-- Description of the task --
Copy out every line of the material below, character for character, apart from the pictures.

-- Information shown --
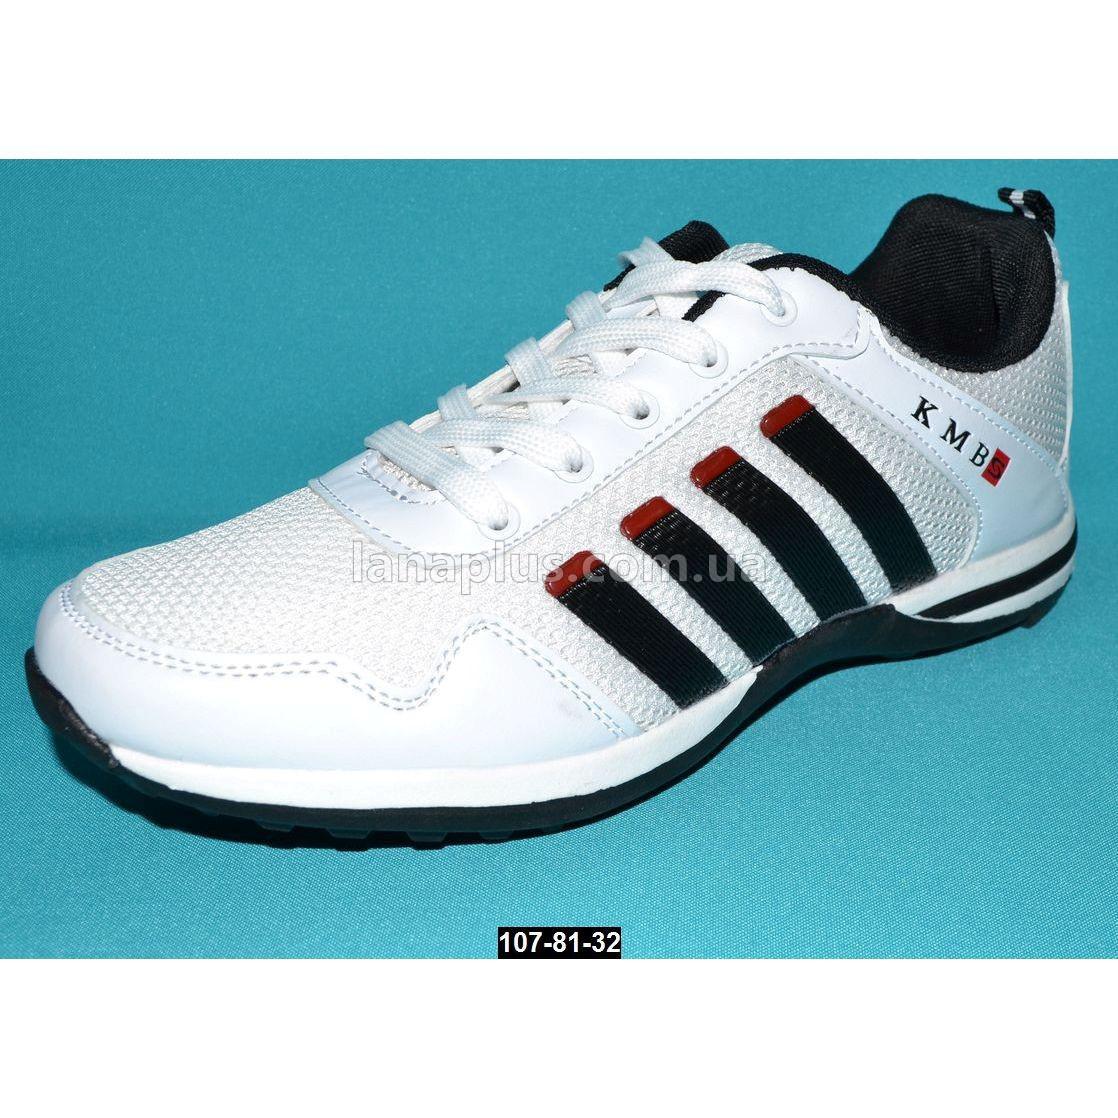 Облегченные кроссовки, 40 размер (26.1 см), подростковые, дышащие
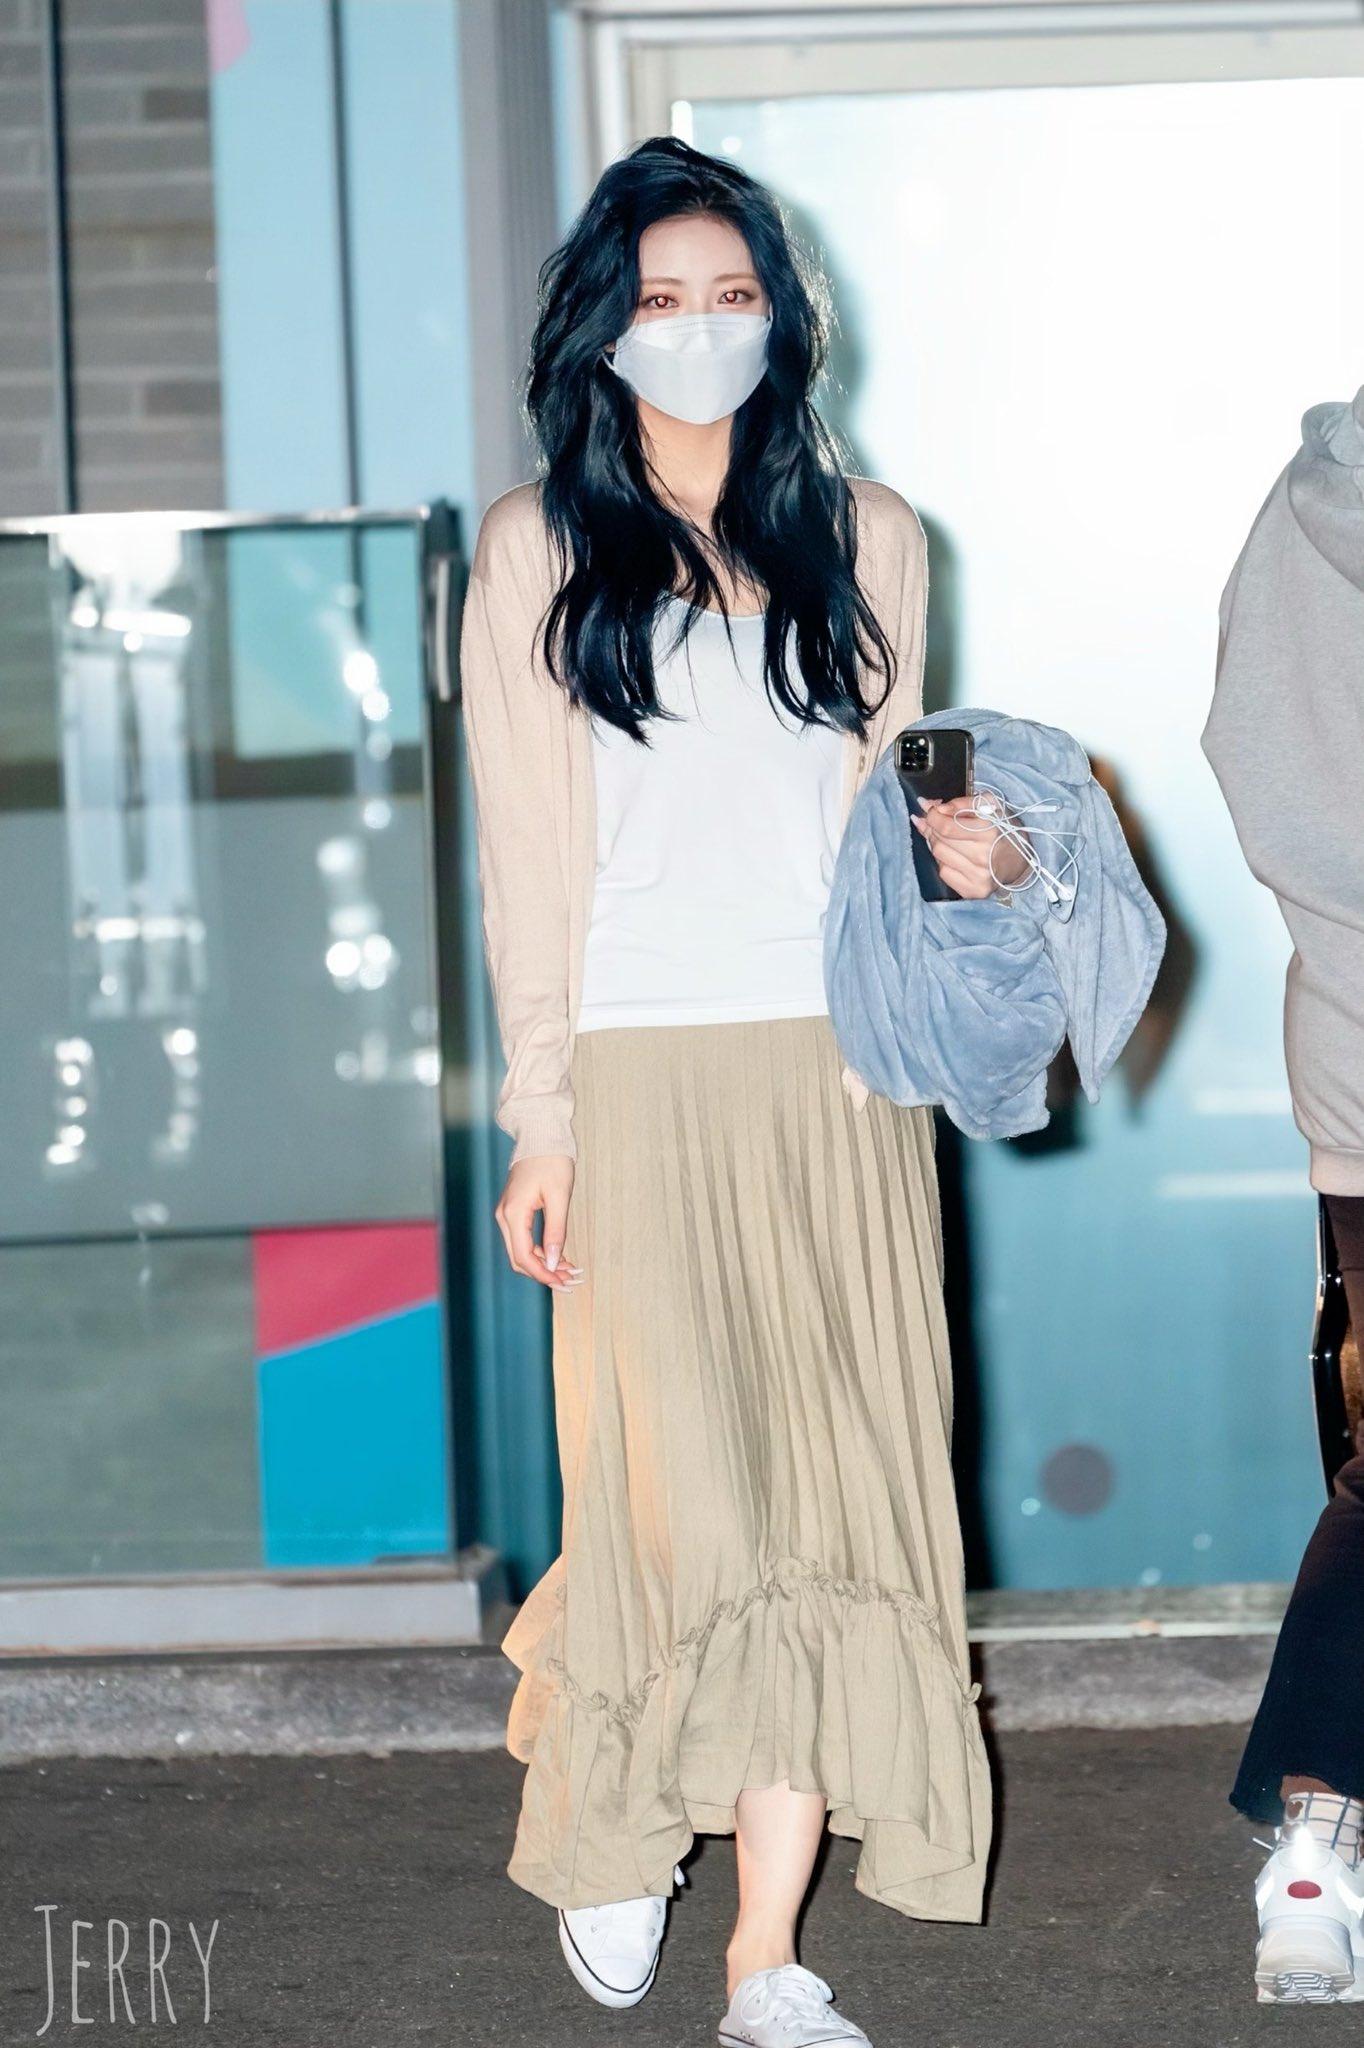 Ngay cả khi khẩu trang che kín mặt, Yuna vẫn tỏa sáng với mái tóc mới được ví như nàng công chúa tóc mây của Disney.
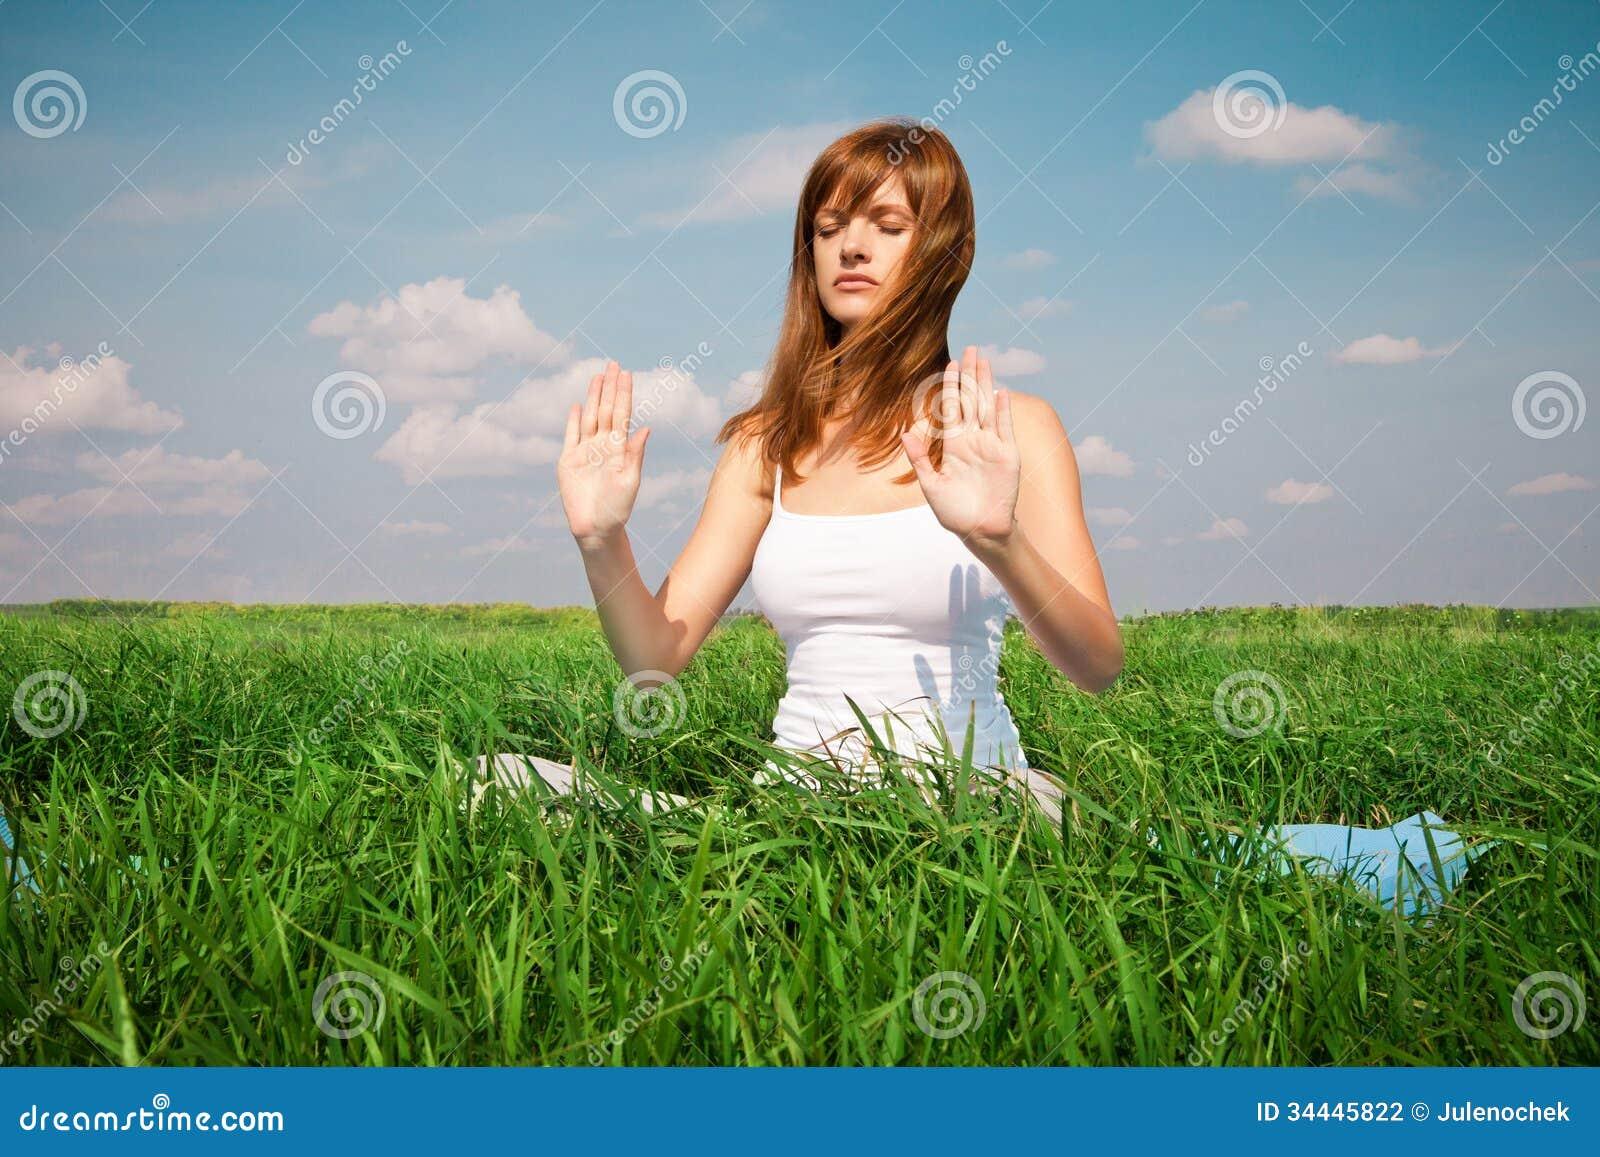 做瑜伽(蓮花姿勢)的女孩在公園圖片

-- Exercise response --
 Облегченные кроссовки, 40 размер (26.1 см), подростковые, дышащие
 Ngay cả khi khẩu trang che kín mặt, Yuna vẫn tỏa sáng với mái tóc mới được ví như nàng công chúa tóc mây của Disney.
 做瑜伽(蓮花姿勢)的女孩在公園圖片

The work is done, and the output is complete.